Gem Environmental Building Services Limited
Independent Auditor's Report to the Members of Gem Environmental Building Services Limited
for the Period from 1 April 2023 to 30 June 2024
Opinion
We have audited the financial statements of Gem Environmental Building Services Limited (the 'company') for the period from 1 April 2023 to 30 June 2024, which comprise the Statement of Income and Retained Earnings, Statement of Financial Position, and Notes to the Financial Statements, including a summary of significant accounting policies. The financial reporting framework that has been applied in their preparation is applicable law and United Kingdom Accounting Standards, including Financial Reporting Standard 102 The Financial Reporting Standard applicable in the UK and Republic of Ireland (United Kingdom Generally Accepted Accounting Practice).

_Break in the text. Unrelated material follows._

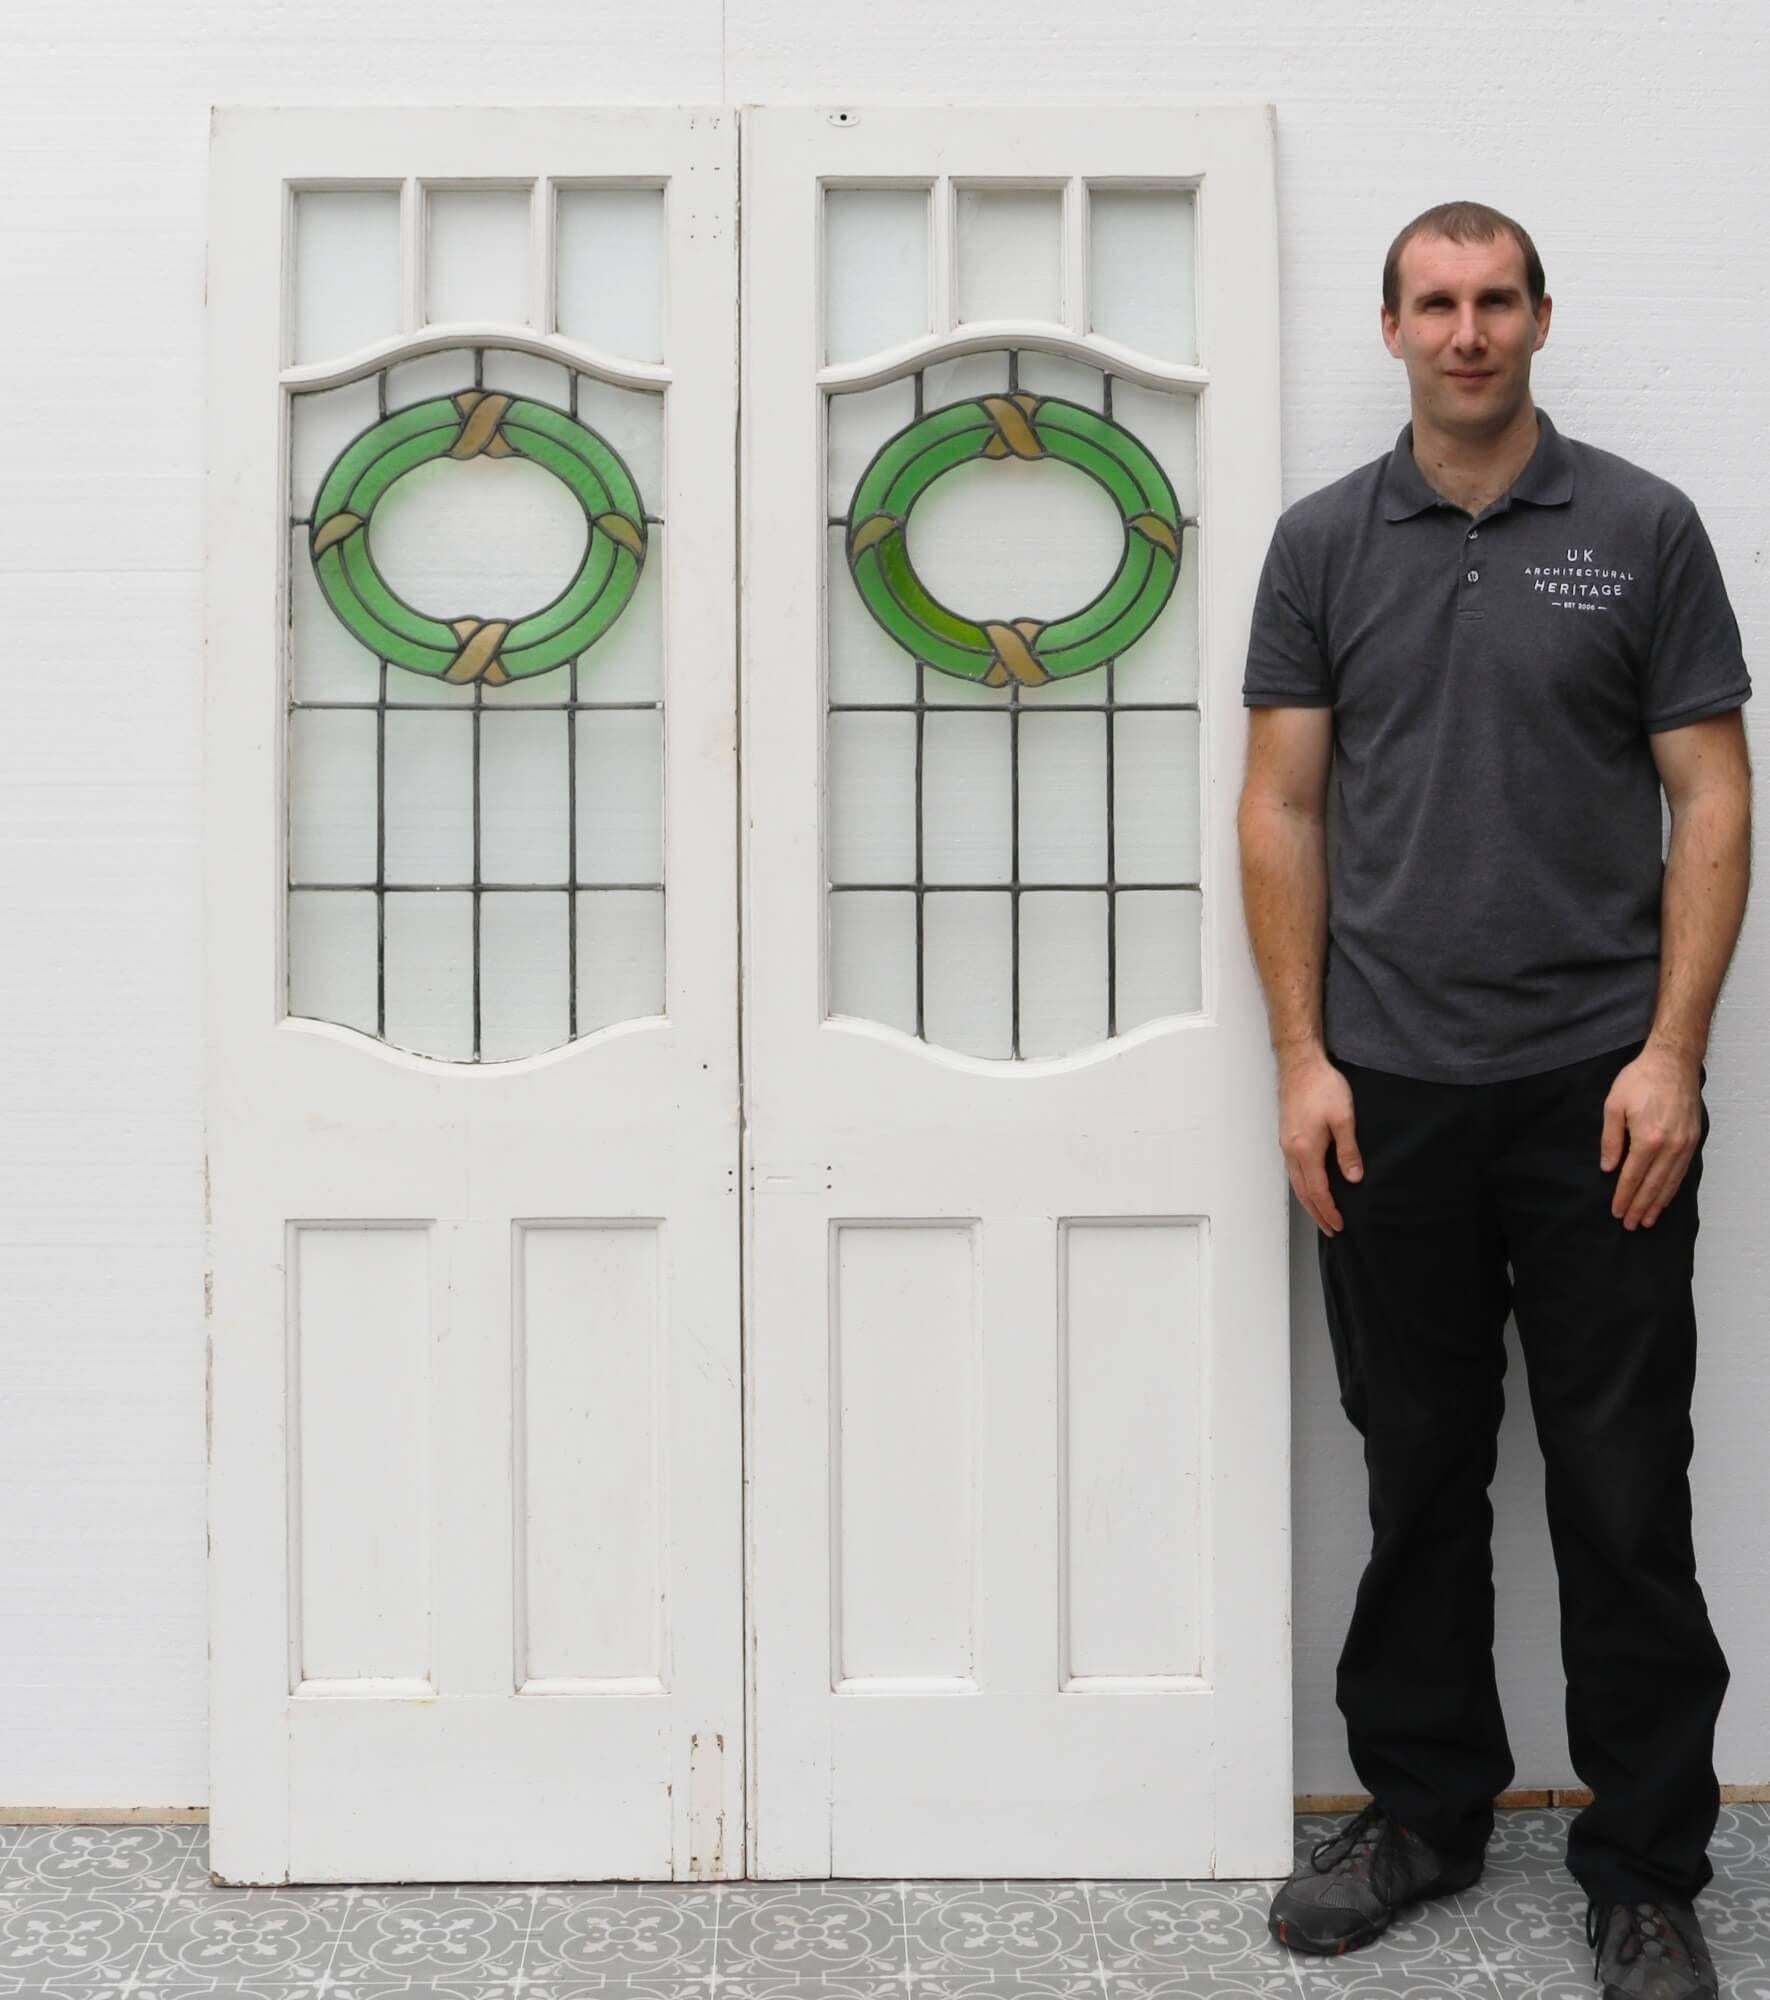 Sie können sich diese Haustüren mit Glasmalerei aus dem frühen 20. Jahrhundert vorstellen, die stolz auf der Veranda eines großen viktorianischen Stadthauses stehen. Jede Tür ist über 100 Jahre alt und verfügt über originales Bleiglas, das keine

In our opinion the financial statements:
• | give a true and fair view of the state of the company's affairs as at 30 June 2024 and of its loss for the period then ended; |
• | have been properly prepared in accordance with United Kingdom Generally Accepted Accounting Practice; and |
• | have been prepared in accordance with the requirements of the Companies Act 2006. |
Basis for opinion
We conducted our audit in accordance with International Standards on Auditing (UK) (ISAs (UK)) and applicable law. Our responsibilities under those standards are further described in the Auditor’s responsibilities for the audit of the financial statements section of our report. We are independent of the company in accordance with the ethical requirements that are relevant to our audit of the financial statements in the UK, including the FRC’s Ethical Standard, and we have fulfilled our other ethical responsibilities in accordance with these requirements. We believe that the audit evidence we have obtained is sufficient and appropriate to provide a basis for our opinion.
Conclusions relating to going concern
In auditing the financial statements, we have concluded that the director's use of the going concern basis of accounting in the preparation of the financial statements is appropriate.

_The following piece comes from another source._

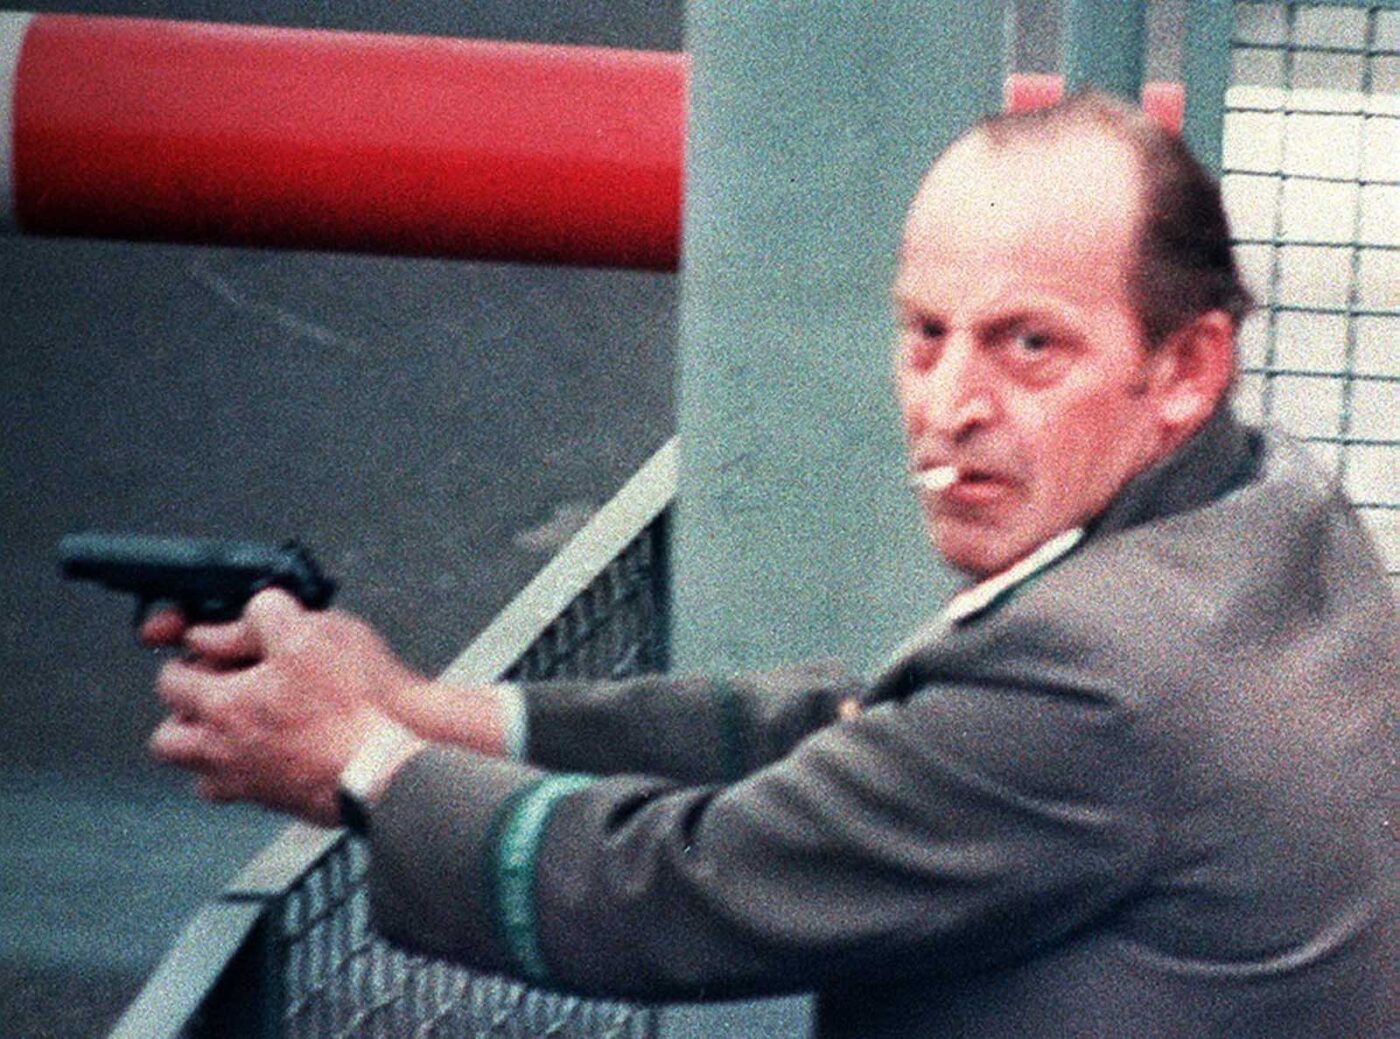 Cigarette butt man at Berlin Wall with Makarov pistol

Based on the work we have performed, we have not identified any material uncertainties relating to events or conditions that, individually or collectively, may cast significant doubt on the company's ability to continue as a going concern for a period of at least twelve months from when the original financial statements were authorised for issue.

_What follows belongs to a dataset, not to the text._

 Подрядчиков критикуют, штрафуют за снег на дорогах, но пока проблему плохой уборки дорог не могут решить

Our responsibilities and the responsibilities of the directors with respect to going concern are described in the relevant sections of this report.
Other information
The directors are responsible for the other information. The other information comprises the information included in the annual report, other than the financial statements and our auditor’s report thereon. Our opinion on the financial statements does not cover the other information and, except to the extent otherwise explicitly stated in our report, we do not express any form of assurance conclusion thereon.
In connection with our audit of the financial statements, our responsibility is to read the other information and, in doing so, consider whether the other information is materially inconsistent with the financial statements or our knowledge obtained in the audit or otherwise appears to be materially misstated. If we identify such material inconsistencies or apparent material misstatements, we are required to determine whether there is a material misstatement in the financial statements or a material misstatement of the other information. If, based on the work we have performed, we conclude that there is a material misstatement of this other information, we are required to report that fact.
We have nothing to report in this regard.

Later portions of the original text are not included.